Publicidad:
Terra
La Coctelera

n-angulo

3 Abril 2011

PAIDOFILOS (II)

En el anterior post denunciaba y mantenía que esta gentuza siempre ha estado entre nosotros y que durante los tiempos de la dictadura se ocultaba su existencia.

Ahora no se puede ocultar, todos sabemos que están y lo que hay que hacer es modificar Leyes ya existentes o bien hacer Leyes nuevas a medida de estos canallas, para que una vez arrestados pasen su vida en la cárcel, está demostrado que no hay reinserción posible con lo cual habrá que ir olvidándose de mandarles a Centros Psiquiátricos que no solo no les rehabilita o recupera para la Sociedad sino que vacían los bolsillos del contribuyente para nada; cárcel para estos indeseables y además trabajando físicamente 16 horas al día para que al final de la jornada estén tan exhaustos que no puedan ni pensar y menos con el pene.

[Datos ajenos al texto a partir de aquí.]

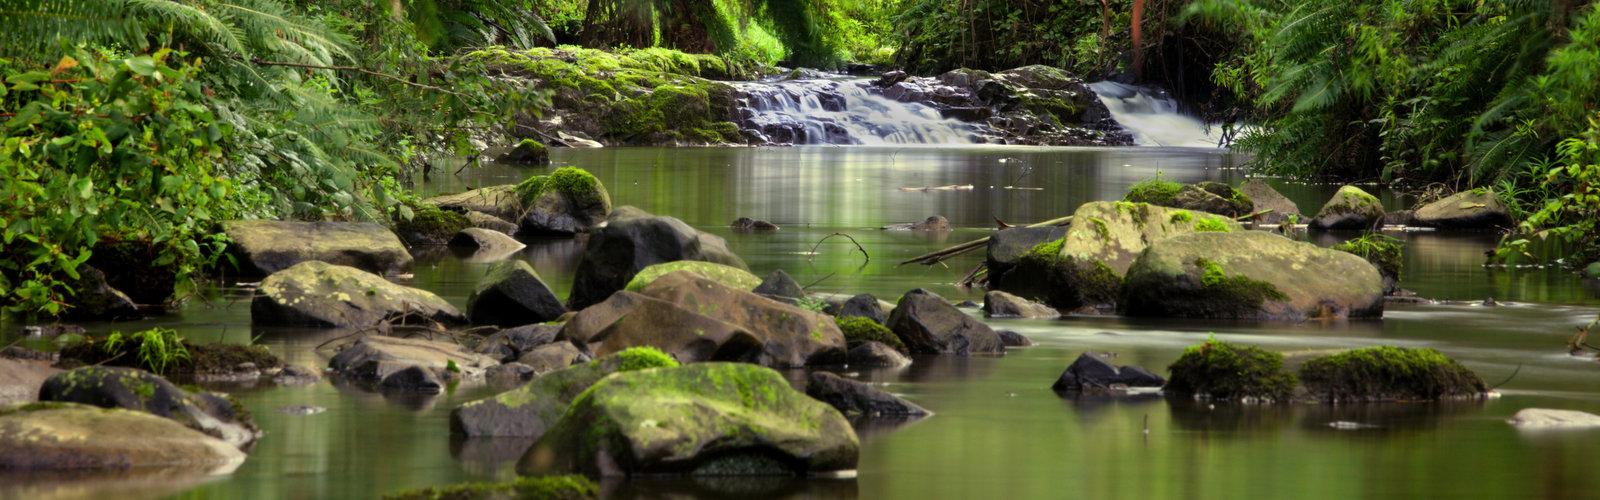 Turtons Creek Reserve

Los pedófilos tienen muchas formas de comportamiento, antes de agredir sexualmente a sus víctimas o durante, son exhibicionistas. Ignoro si en los tiempos actuales existen los exhibicionistas, pero imagino que si, puesto que esta actitud es intrínseca en el comportamiento del violador, me imagino que cuando no tiene oportunidad de llevar a cabo una violación, se exhibe y masturba delante de los niños.

Para convencer a los incautos de que los paidófilos siempre han existido y no es algo como apuntaba en el anterior post que haya surgido en las últimas décadas, voy a contaros unas desagradables experiencias personales que viví durante un periodo de mi vida que abarca desde los 9 años de edad hasta aproximadamente los 28 años, por suerte he de deciros que no causó en mi ninguna fobia o trauma, quizás por mi carácter o bien porque desde la primera vez que me ocurrió lo compartí, no soy psicóloga, pero imagino que el hecho de no guardarlo dentro ayudó a poder llevar una vida normal y sana, si bien es cierto que los días posteriores a los acontecimientos solía no estar muy bien e incluso no querer salir a la calle y cambiar mi ruta habitual.

La primera vez que me ocurrió jugaba al escondite en el Jardín Botánico de Madrid con mis amigas, mi hermano, 15 meses mayor que yo, jugaba a las chapas con sus amigos a unos metros de distancia; entre carrera y carrera por los laberintos del parque oí que chistaban cerca de mi y creyendo que se trataba de alguna amiga volví la cabeza y sonreí, detrás de mi, entre unos arbustos, surgió la figura de un hombre, pude comprobar que se trataba de un taxista o al menos vestía como tal, llevaba la gorra azul puesta y la camisa azul desabrochada casi del todo, sus pantalones estaban desabrochados y en la mano sostenía algo entre color carne y morado, me instaba a que me acercase y movía el objeto que tenía en la mano y que yo no acertaba a ver con claridad. No sé si fue por las advertencias continuas que me hacían mis padres de que no fuese con extraños que salí corriendo aterrada y llamé a mi hermano que se acercó a mi a la carrera con sus amigos detrás, les conté que había un taxista entre los arbustos que tenía algo en su mano y me llamaba. De manera rauda y gritando, los chicos fueron hacia el taxista que ya por entonces tenía los pantalones en las rodillas, le rodearon y le dieron patadas mientras le insultaban, el taxista salió despavorido y le vimos alejarse hacia una de las puertas del Botánico. Mi hermano gritándome como si yo fuese la culpable de lo ocurrido me dijo que lo que tenía en la mano el taxista era el pito, yo me reí y le dije que era imposible porque era muy grande y morado, me dio una colleja y seguimos jugando hasta la hora de irnos a casa a comer, esto ocurrió en un precioso día estival.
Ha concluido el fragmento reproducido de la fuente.